第196章 壞了的車胎
對這件事, 匡怡真向兒子征求真相。
“您可真是無聊,對這種事情都感興趣。”高維神色中帶着明顯的無奈,“有必要這麽震驚嗎?”
匡怡真則是白了兒子一樣, “我看你還真是娶了媳婦忘了娘, 你媽我也就是好奇一下,也沒說你岳母娘怎麽着呀, 人家能找一個小年輕那是人家的本事, 不過我總得知道真相吧, 有人總喜歡打聽這種事情, 遇到別人诋毀你丈母娘, 我總是得幫着說兩句話不是?”
既然跟來文麗做了親家,那自然是一榮俱榮一損俱損了。她是這麽想的,可總有那麽多人看熱鬧,把原本一件事穿的沸沸揚揚,弄到最後好像是來文麗養了一群面首似的。
匡怡真對來文麗黃昏戀的事情不予評論,畢竟那是人家的自由。再說了,喪偶多年能夠獨自一人把一雙兒女都培養的那麽優秀,來文麗的品行是值的信任的。
只不過被兒子冤枉之後, 匡怡真多少還是有些不高興的。她希望兒子跟兒媳婦夫妻恩愛, 可是這也不能娶了媳婦之後就把自己當階級敵人吧?
高維被這麽一念叨臉上有些不好意思, “是我欠考慮了, 媽你別往心裏去。”他很是誠懇的道歉。

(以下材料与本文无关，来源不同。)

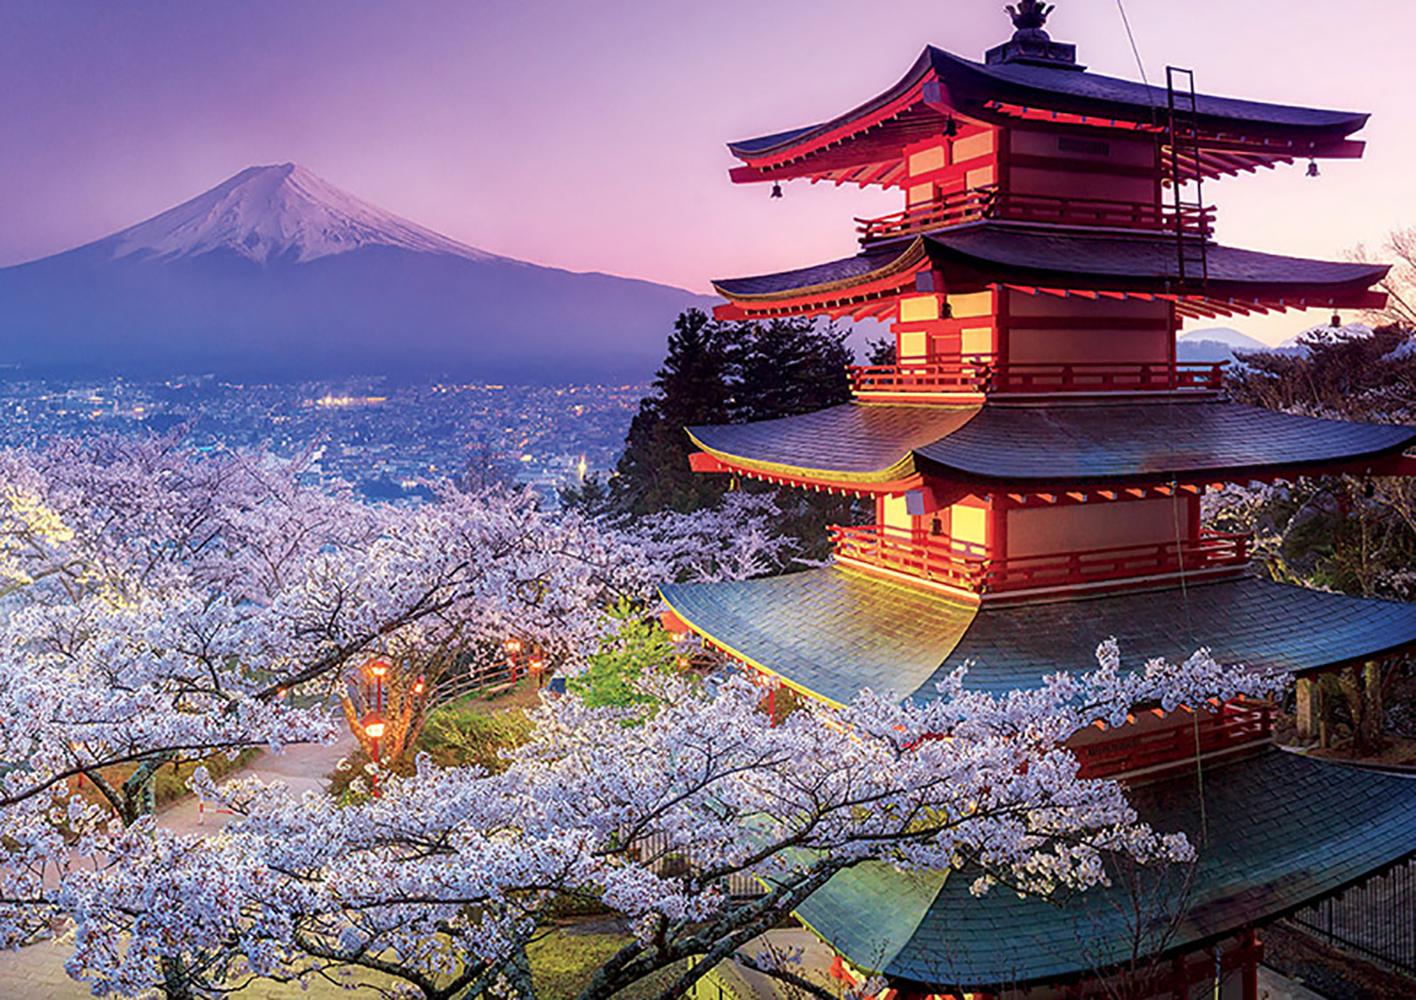 Puzzle 2000 pieces - Mount Fuji, Japan

匡怡真是真不想搭理這混賬兒子,只是就這麽一個孩子,她不能原諒還能怎麽着?
“這件事我也只是聽文佳說過, 好像是學車的時候認識的,然後男方追求我岳母,岳母本來覺得很荒唐,可是你也知道,像我爸他要是在外面喝了酒之後肯定會給你買東西,那男人挺執着的,而且那段時間正好岳母還生了病,所以就慢慢接受了。”

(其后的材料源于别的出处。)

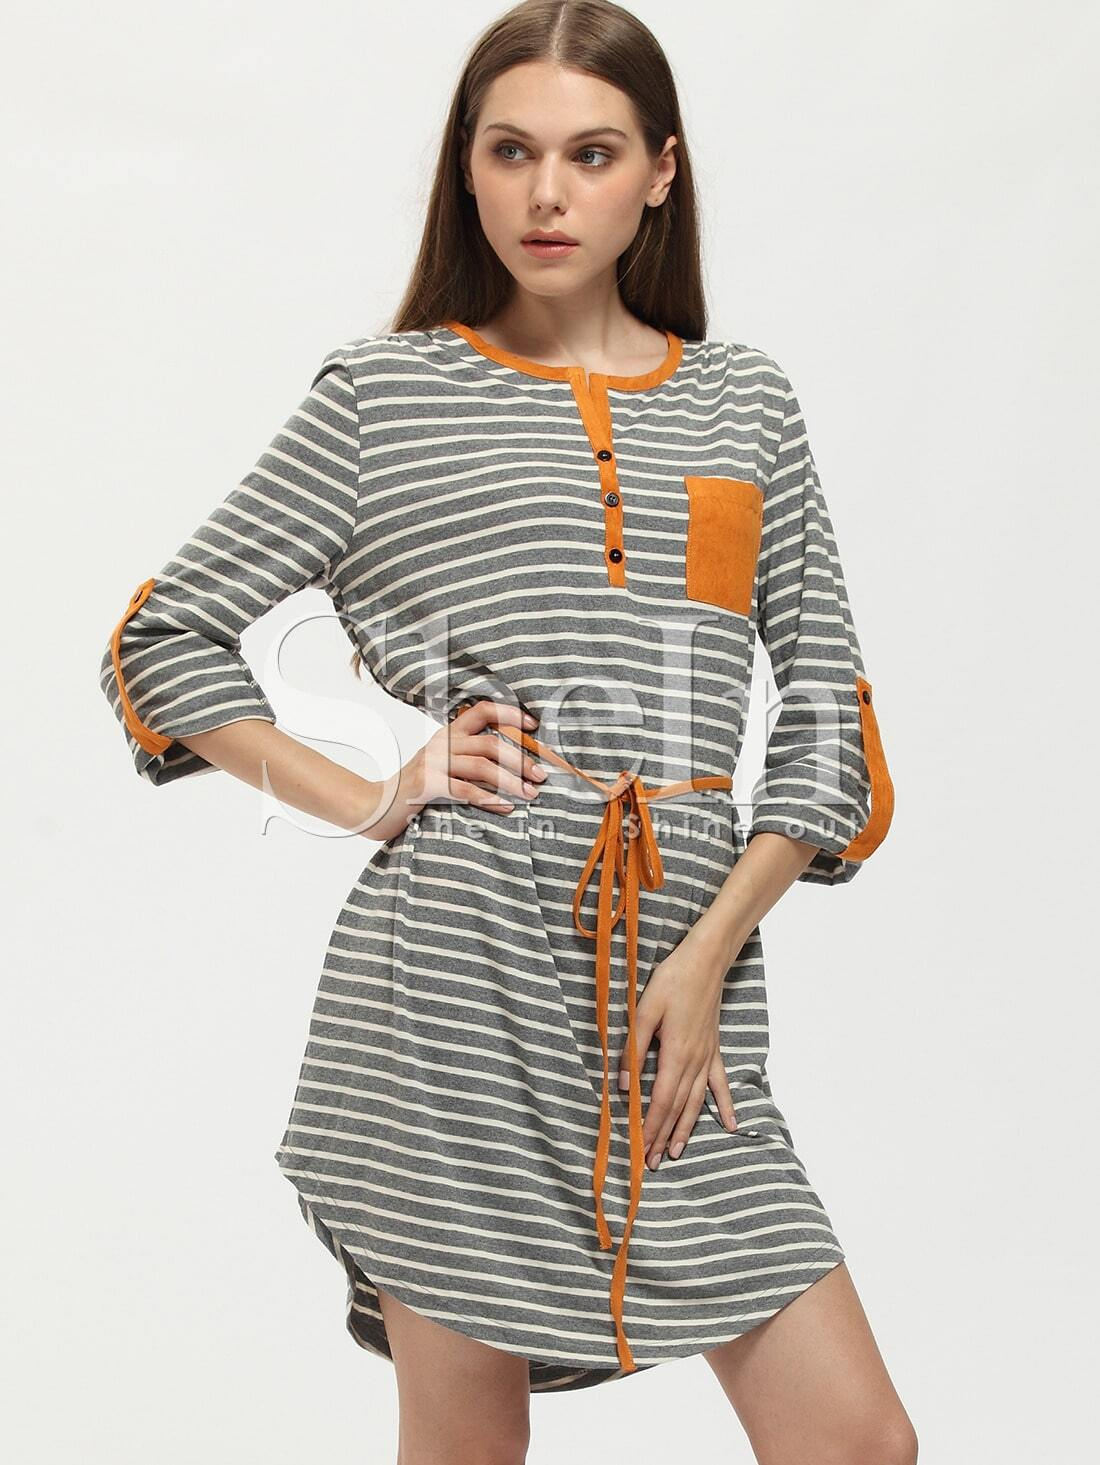 Grey Striped Color Block Trims Dress dress151229710

匡怡真覺得也是,來文麗的性子并不是那麽外向,她又是早年喪偶,一條腿邁進棺材裏的人不至于再去尋找第二春給自己兒女的婚事增添阻力。
當然,她也知道,既然是童文佳跟高維說的,那麽當初童文佳應該對這件事是支持贊成的,畢竟童文佳一家之主的地位明眼人一眼就能看出來。
“再後來,男方父母不同意,去那邊鬧了一場,就這麽分開了。”高維沒說,頭段時間那樊鑫竟然又是去家屬院,就蹲在丈母娘家門口。

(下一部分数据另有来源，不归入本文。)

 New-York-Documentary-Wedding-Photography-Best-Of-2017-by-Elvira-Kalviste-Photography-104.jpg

他也看到了那些消息,這件事對于丈母娘的影響倒不至于很大,只不過樊鑫也是被人給扒了底,他好像已經結婚了,不知道這會不會影響到他的婚姻。
不過這也不關他們的事情,這件事也許就是一個小水花,折騰出來沒多久就又是恢複了平靜,也不是所有的人都會扒着別人的生活不放手,新的新聞出來會吸引大部分人的眼球,這舊聞也就該沉寂的沉寂了。
“文佳知道這件事嗎?”
“她整日裏關注着各路新聞,怎麽可能不知道?”童文佳的精力很是旺盛,哪怕是現在挺着個大肚子,整個人卻都還是鬥志滿滿,就像是這個人從來都不知道疲倦。
匡怡真聽到這話頓時有些擔心,“那可得注意着點,別動了胎氣傷了她身子。”
“您放心好了。”高維笑了笑,“這件事是影響不到文佳的,她早就有預料。”畢竟現在網絡社會,有着無處不在的扒皮手,童文佳當初沒有阻攔,這會兒也不會在乎。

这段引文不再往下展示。